• bovine dung;
  • burial;
  • disturbance;
  • Onthophagus gazella;
  • Onthophagus granulatus

Abstract  The potential for dung beetles to reduce populations of the biting midge and arbovirus vector Culicoides brevitarsis in bovine dung was studied in the Hunter Valley, New South Wales (NSW) between 1999 and 2003 using natural populations of insects. Preliminary work to develop experimental procedures showed that: a few C. brevitarsis could survive in buried dung; dung beetles and C. brevitarsis coming to dung were unaffected by a background of shade-cloth used experimentally to prevent dung burial; the most abundant dung beetle, Onthophagus gazella L. and C. brevitarsis oviposition occurred concurrently in the first 2 d after dung deposition, and the potential for interaction between dung beetles and C. brevitarsis was greatest in open pasture adjacent to trees where cattle congregate at night.
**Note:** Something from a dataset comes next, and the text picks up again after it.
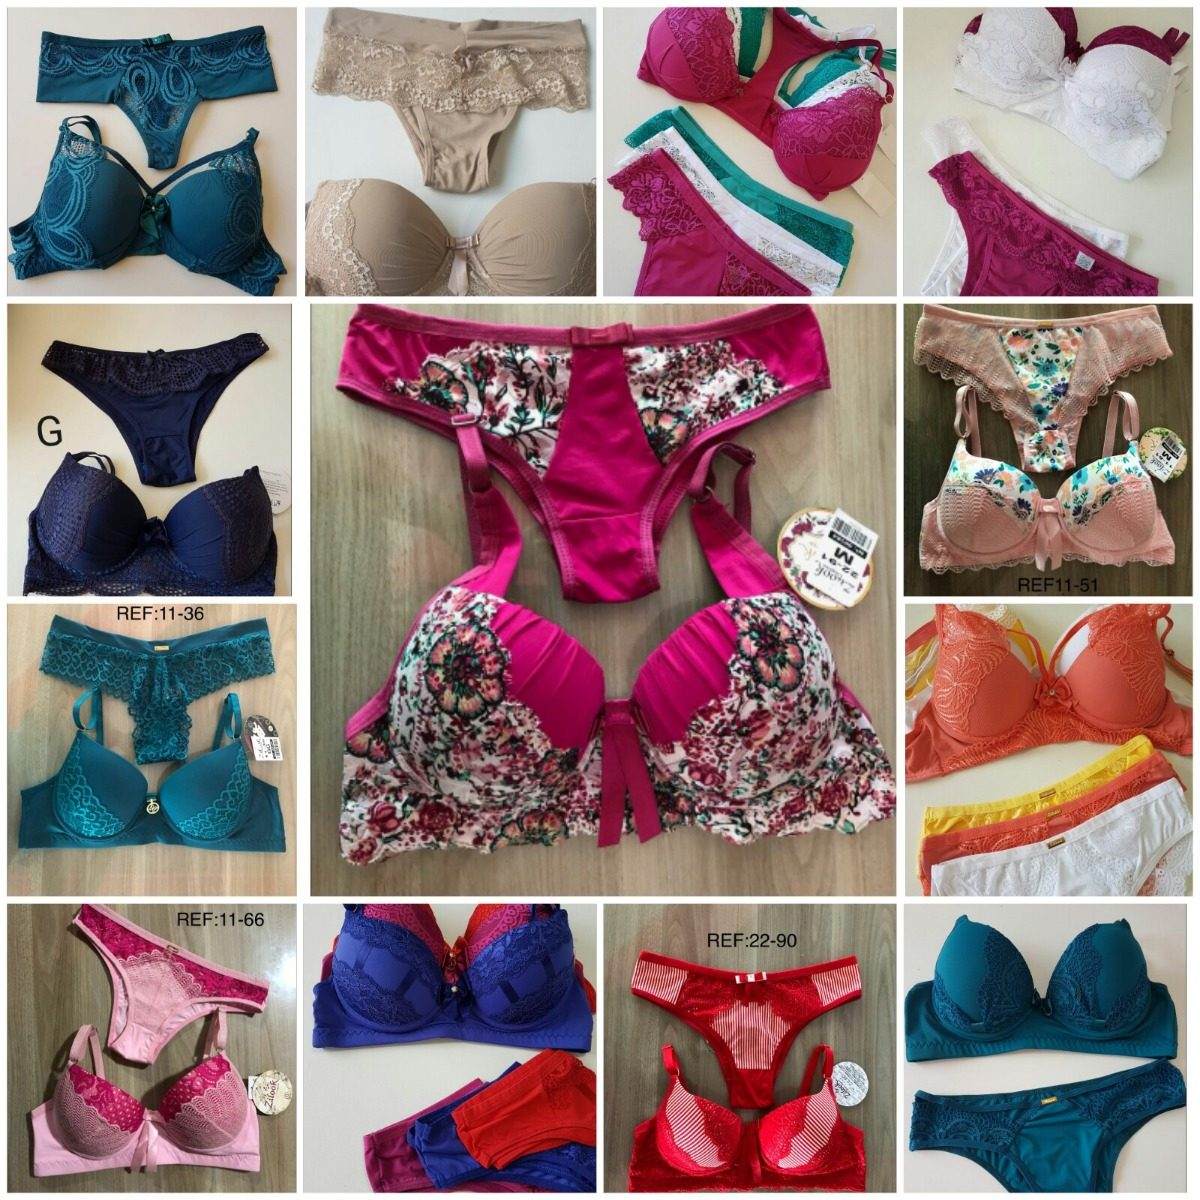 4c8d6c34568c6 lingerie luxo atacado kit 25 conjuntos de lingerie c  bojo. Carregando zoom.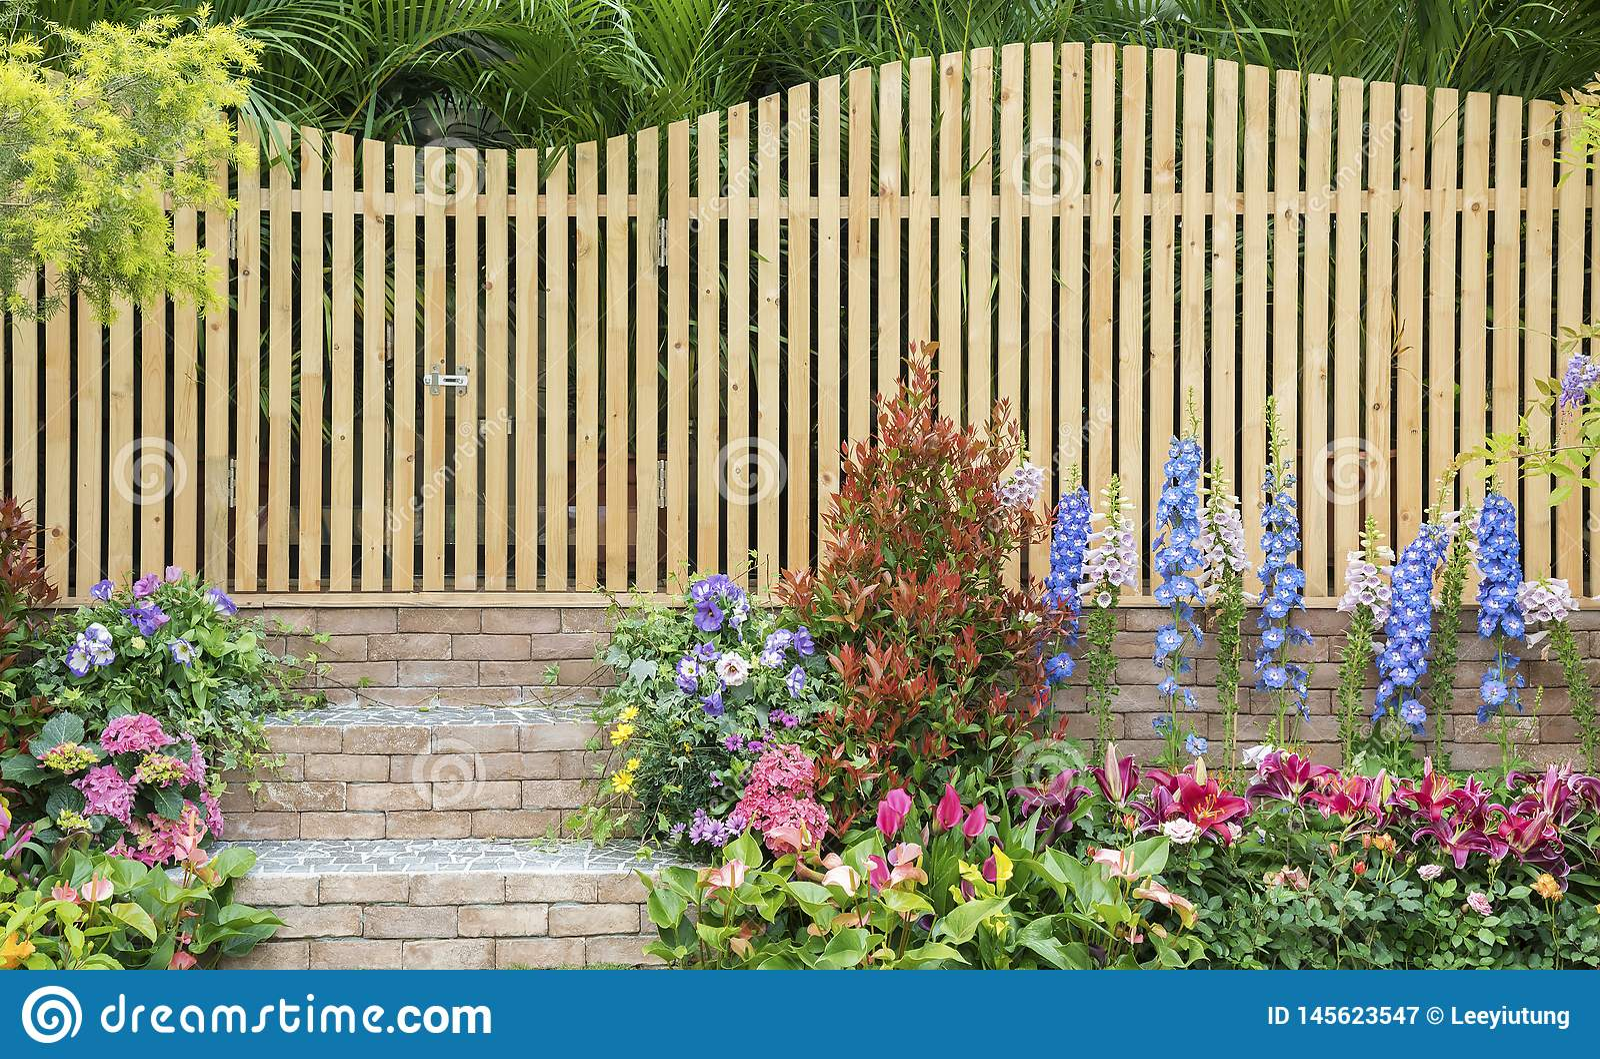 Wooden Fence Of Backyrad Flower Garden Stock Image Image Of Bush

Laboratory experiments on dung burial showed that C. brevitarsis numbers decreased as numbers of dung beetles increased or as the dry weight of dung decreased due to burial. This was seldom reflected in the field where, although significant burial occurred experimentally in 9 of 20 trials over 3 years, a significant decline in C. brevitarsis numbers attributable to burial only occurred once. C. brevitarsis numbers in the field were lower in unburied dung in 70% of trials. Differences were significant twice and were considered the result of dung disturbance. In the laboratory, decreasing numbers of C. brevitarsis were related to three characteristics of disturbance: the flattening, spreading and reduction in wet weight of the dung. Evidence of C. brevitarsis activity throughout coastal NSW suggests that, while C. brevitarsis numbers may be modified by dung beetles, the interaction is insufficient to prevent their increase, spread and ability to transmit viruses to livestock.